I've been reluctant to trust any Mountain House product after that fiasco. I've heard of others having the same reaction to that one type but the others are probably just fine.

I'm not sure I understand your first question but looking toward Mount Adams from the summit should be to the south-east. I'm only aware of one crater on the summit. Did you mean the sub-summits Point Success and Libery Cap? Here is a good panorama of the crater taken where the register is kept, just below the summit.

Happy New Year! We started the year right yesterday with a cold, windy, wet snowshoe.

Adam
Posted Jan 2, 2009 2:52 pm

lcarreauYou're right ...

lcarreau

Voted 10/10

Adams would be to the south-east. There's TWO craters on the summit; overlapping one another. The photo link you gave me is called the East Crater. The smaller West Crater is located on the opposite side of Columbia Crest, just above the Tahoma Glacier route. (The upper Tahoma Glacier flows between Liberty Cap & Point Success.)

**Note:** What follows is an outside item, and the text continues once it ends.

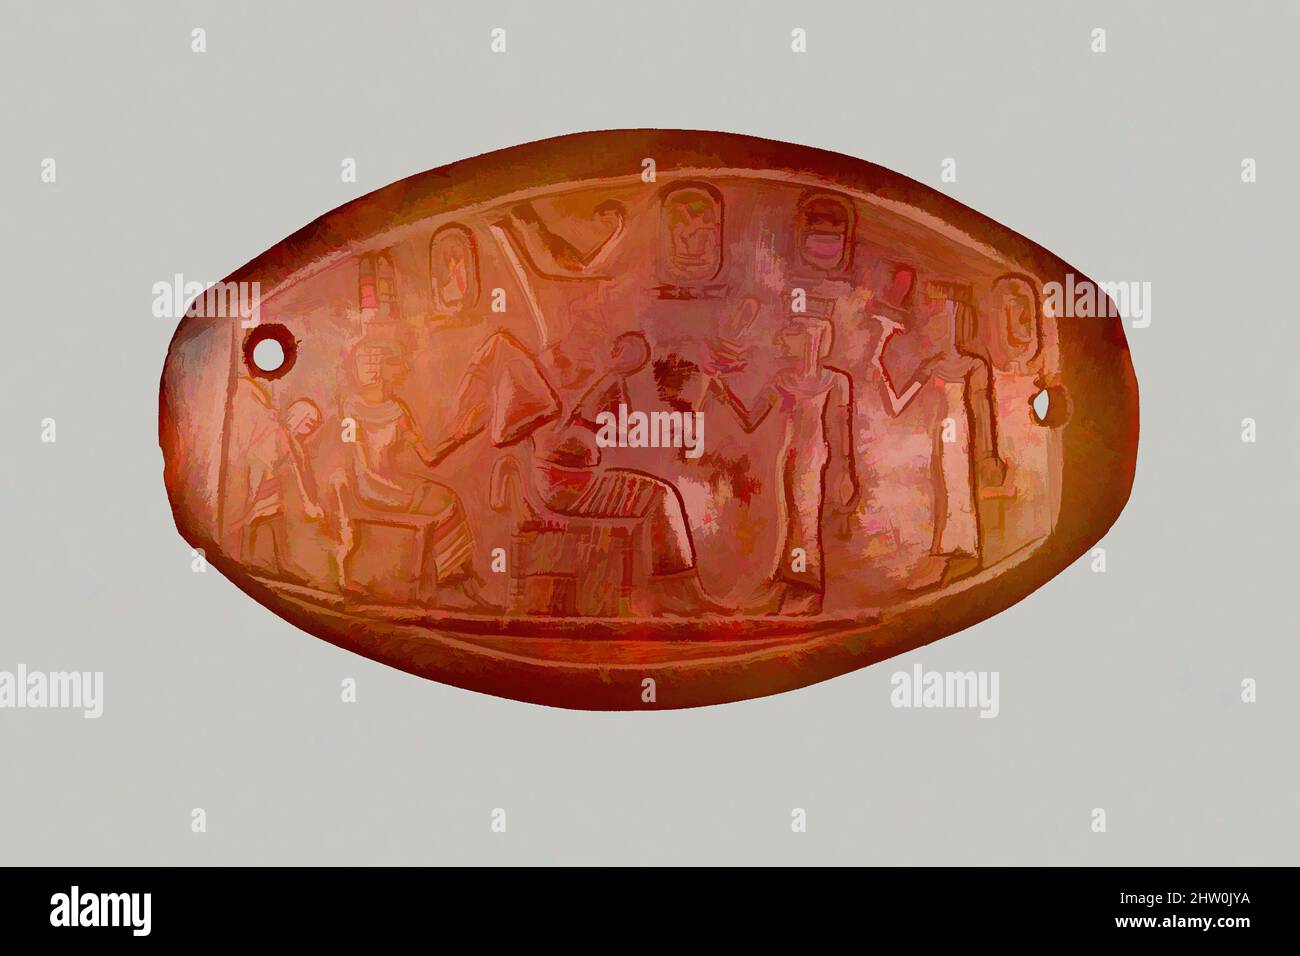 Art inspiré par la plaque sculptée d'Amenhotep III, Nouveau Royaume, dynastie 18, ca. 1390–1352 C.-B., d'Égypte, carnélien, h. 2,3 cm ( 7/8 po) ; w. 4,1 cm (1 5/8 po) ; th. 0,2 cm (1/16 po), deux princesses, chacune tenant un sistrum et un ankh, font face à l'Enthroned Amenhotep III et à la reine Tiye, qui, œuvres classiques modernisées par Artotop avec une touche de modernité. Formes, couleur et valeur, impact visuel accrocheur sur l'art émotions par la liberté d'œuvres d'art d'une manière contemporaine. Un message intemporel qui cherche une nouvelle direction créative. Artistes qui se tournent vers le support numérique et créent le NFT Artotop Banque D'Images

I'm seriously thinking about purchasing a GPS for 2009! CHEERS!!!
Posted Jan 2, 2009 3:52 pm

gimpilatorRe: You're right ...

gimpilator

Hasn't voted

We you learn something every day... That's really amazing. I've been on the summit three times now and never realized there was another crater right there. I enjoyed reading your article too, especially the part about the bird and the glove. I've noticed a number of cave entrances around the inside of the crater rim with steam coming out of them. I've even heard rumors of people going down there and swimming in a warm lake. But you wouldn't catch me going down there.

I just upgraded from the old ETrex Legend to a GPSMAP 60CSx and I'm really happy with it. Thanks for all the thought inspiring posts you have left me.